The (Un)certain Future for Small Advisory Firms
Behemoths like Amazon and Uber have transformed industries, putting smaller competitors out of business. Could the same fate await smaller financial planners? Many analysts have predicted massive consolidation in our industry, resulting in a landscape where a few “Goliaths” make it impossible for the small “Davids” to compete. Is this thesis accurate and, if so, what should advisors do to protect themselves?
In 1999, Mark Hurley, an industry consultant and manager of a family of mutual funds, published a white paper that forecast not just the death of the solo practitioner, but the extinction of pretty much every financial services firm except for a small number of Goliaths, whose economies of scale would make them insurmountable competitors. They would be more efficient (and possibly offer planning at lower price-points) than the David-sized firms, have better name-recognition (and therefore more effective marketing), and they would offer in-house expertise that the smaller firms could not afford.
You continue to hear resonances of this message today, in part from Hurley (now president, ironically enough, of Fiduciary Network, LLC, a firm that funds mergers and consolidations, making him hardly an impartial observer in this discussion). Strong echoes have recently come from rollup firms like Fiduciary Network, whose recent white paper suggested that only Goliath firms with much more than $1 billion under management will have the scale to succeed in the future. And Ric Edelman, whose firm aggressively buys up smaller practices, has softened the negotiating stances on the other side of the table by repeatedly telling us, in press interviews, that smaller advisory firms simply cannot prepare adequately for the future. (See here and here).

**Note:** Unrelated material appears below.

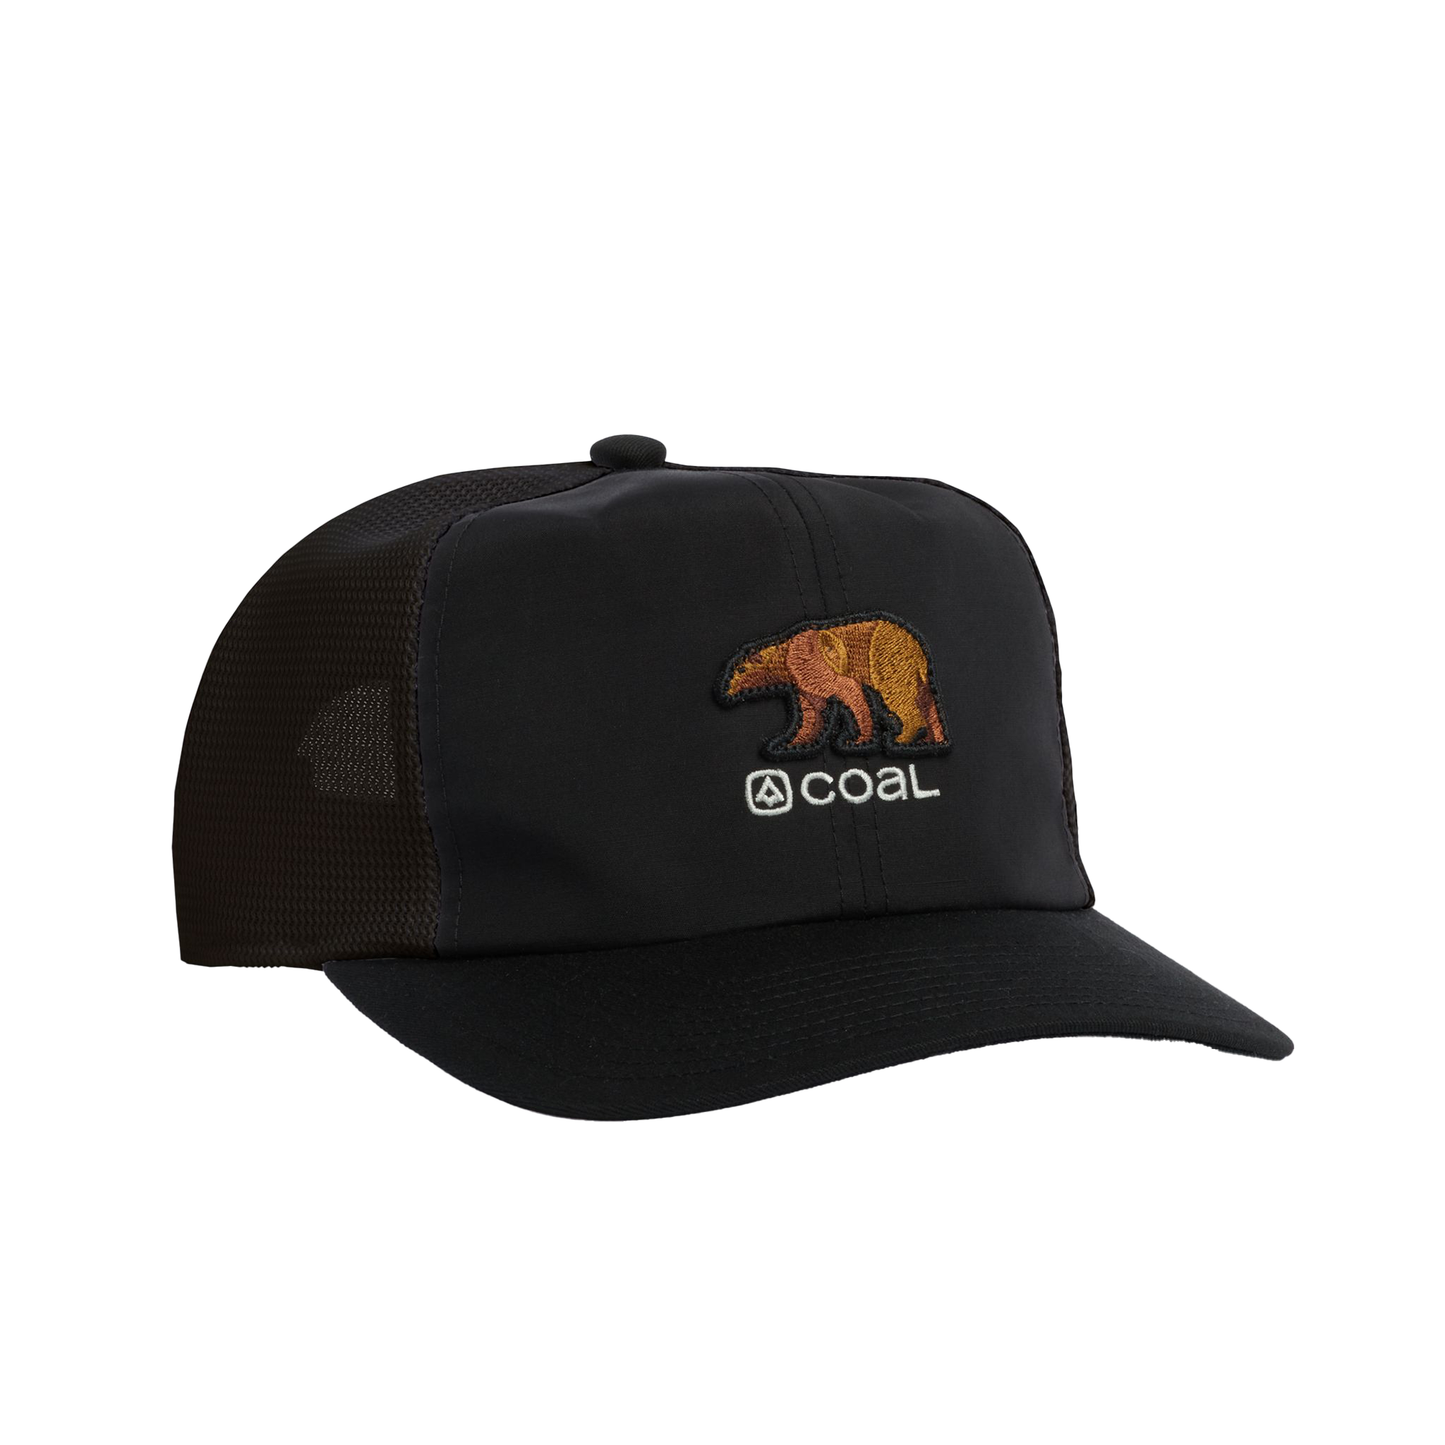 Coal Zephyr Trucker Hat Black OS Hats
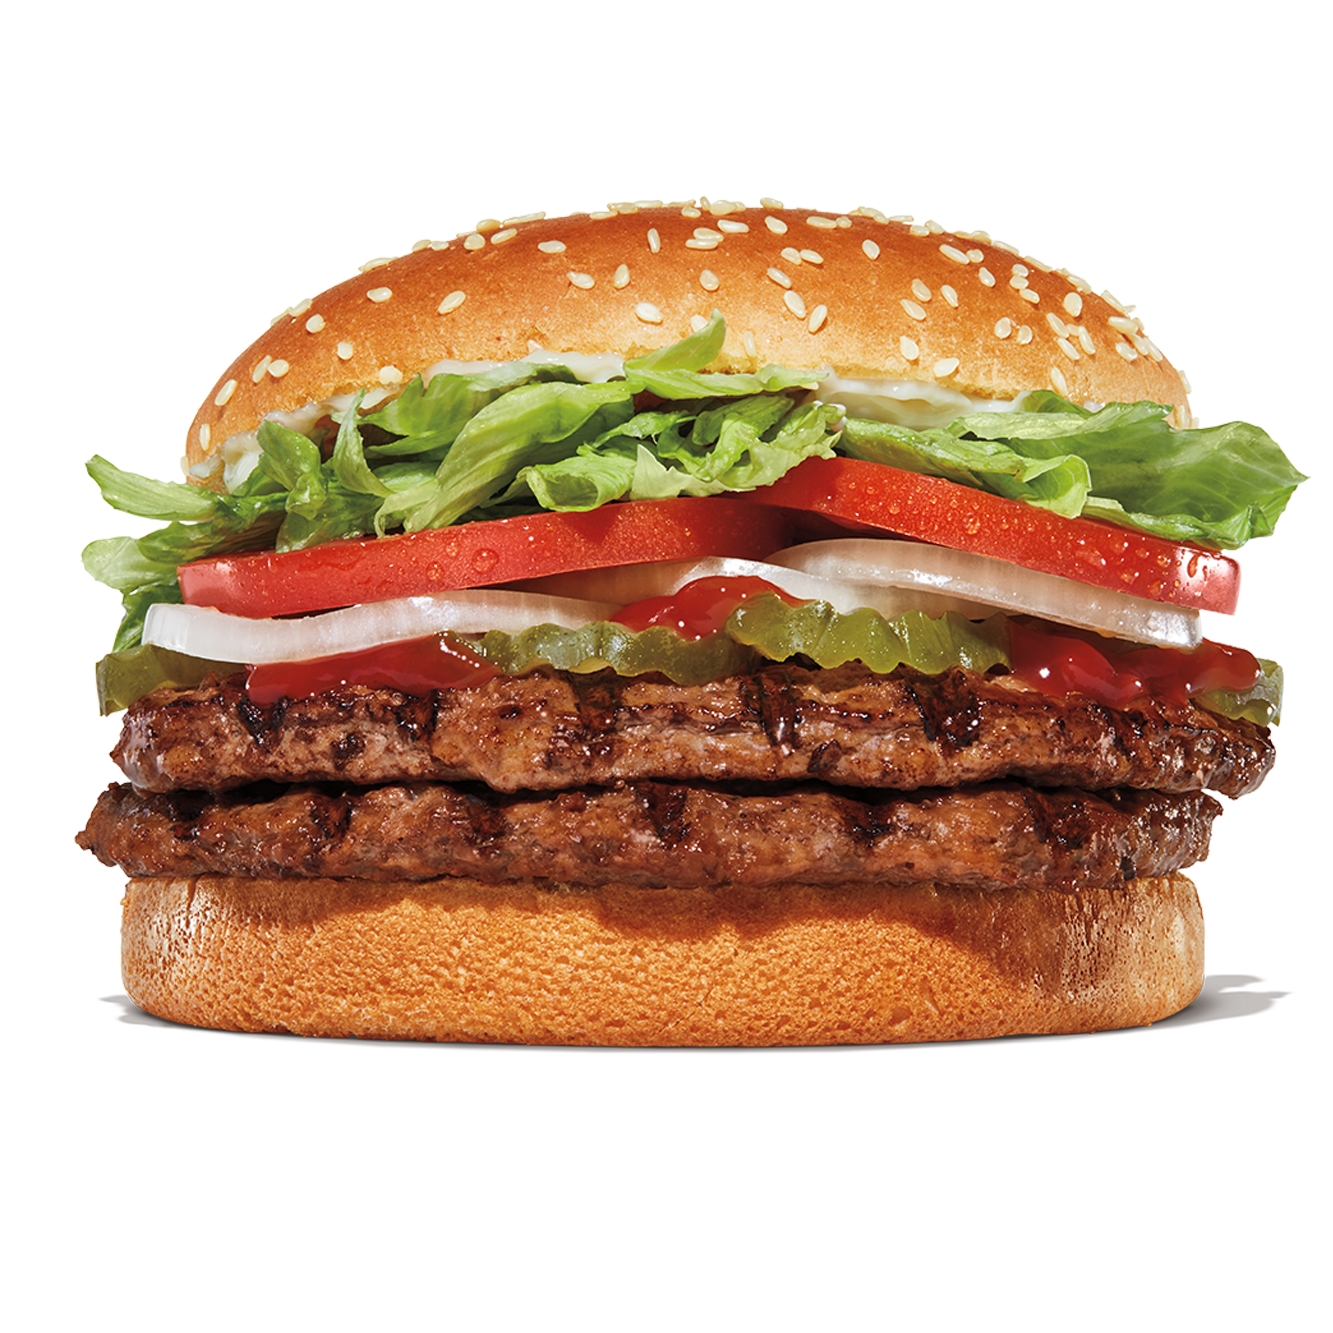 Burger King Chicago (872)264-8270

Despite these predictions, we continue to have a thriving ecosystem of smaller advisory firms, including the XY Planning Network of Millennial advisors. Today, almost half of all RIA firms have less than $100 million in assets under management – 17,688 state-registered firms and 18,225 larger firms registered with the SEC.
But at the same time, bolstering the argument that we are still transitioning to gianthood, the number of firms with more than $1 billion under management – the emerging Goliaths – has grown from essentially zero 10 years ago to – according to the latest Cerulli report – 687 today. Those 687 now hold just over 60% of the total client assets in the industry. So there is clearly growth at the top end. And anecdotally, we can all see a clear trend of smaller firms merging in order to achieve scale and develop a more stable succession plan.
So the question before us is: Was the original prediction correct, just too early in the cycle? Will solo and smaller RIA firms have to merge and grow in order to survive? Do solo advisory firms face an existential threat to their existence and, if so, should they contact Ric Edelman with a firesale price?
Or is something else going on that will create an ecosystem where both the Goliaths and also the Davids can thrive?
That’s the first question. The second question is: We all know there are advantages to having size and scale. But are there comparable advantages that the Davids have over the Goliaths? And if there are, how can the smaller firms use those advantages and thrive despite the woeful predictions about their future?
Let’s tackle the first question. If we try to project the spectrum of firm sizes in the (relatively young) financial planning profession as it matures, then it is reasonable to look at the experiences of more established professions. The legal and accounting professions operate much like planning firms; that is, they provide expertise to their clients in a professional setting, and we all know that they have large and small firms in their respective ecosystems. Over the centuries of their professional existence, have their larger firms driven to extinction the smaller competitors?
Far from it. The table shown here lists the number of law firms in the U.S. marketplace, broken down by size of the firm:
The center of gravity is the smaller 1-4 professional firms, and the number of small firms with 5-9 professionals is roughly double the number of firms with 10-19 professionals, and that, in turn, is double the number of firms in the next higher tier. At the very top, there are only eight firms with more than 1,000 attorneys, led by Goliath law firms like Kirkland & Ellis and Baker McKenzie, which have offices pretty much everywhere.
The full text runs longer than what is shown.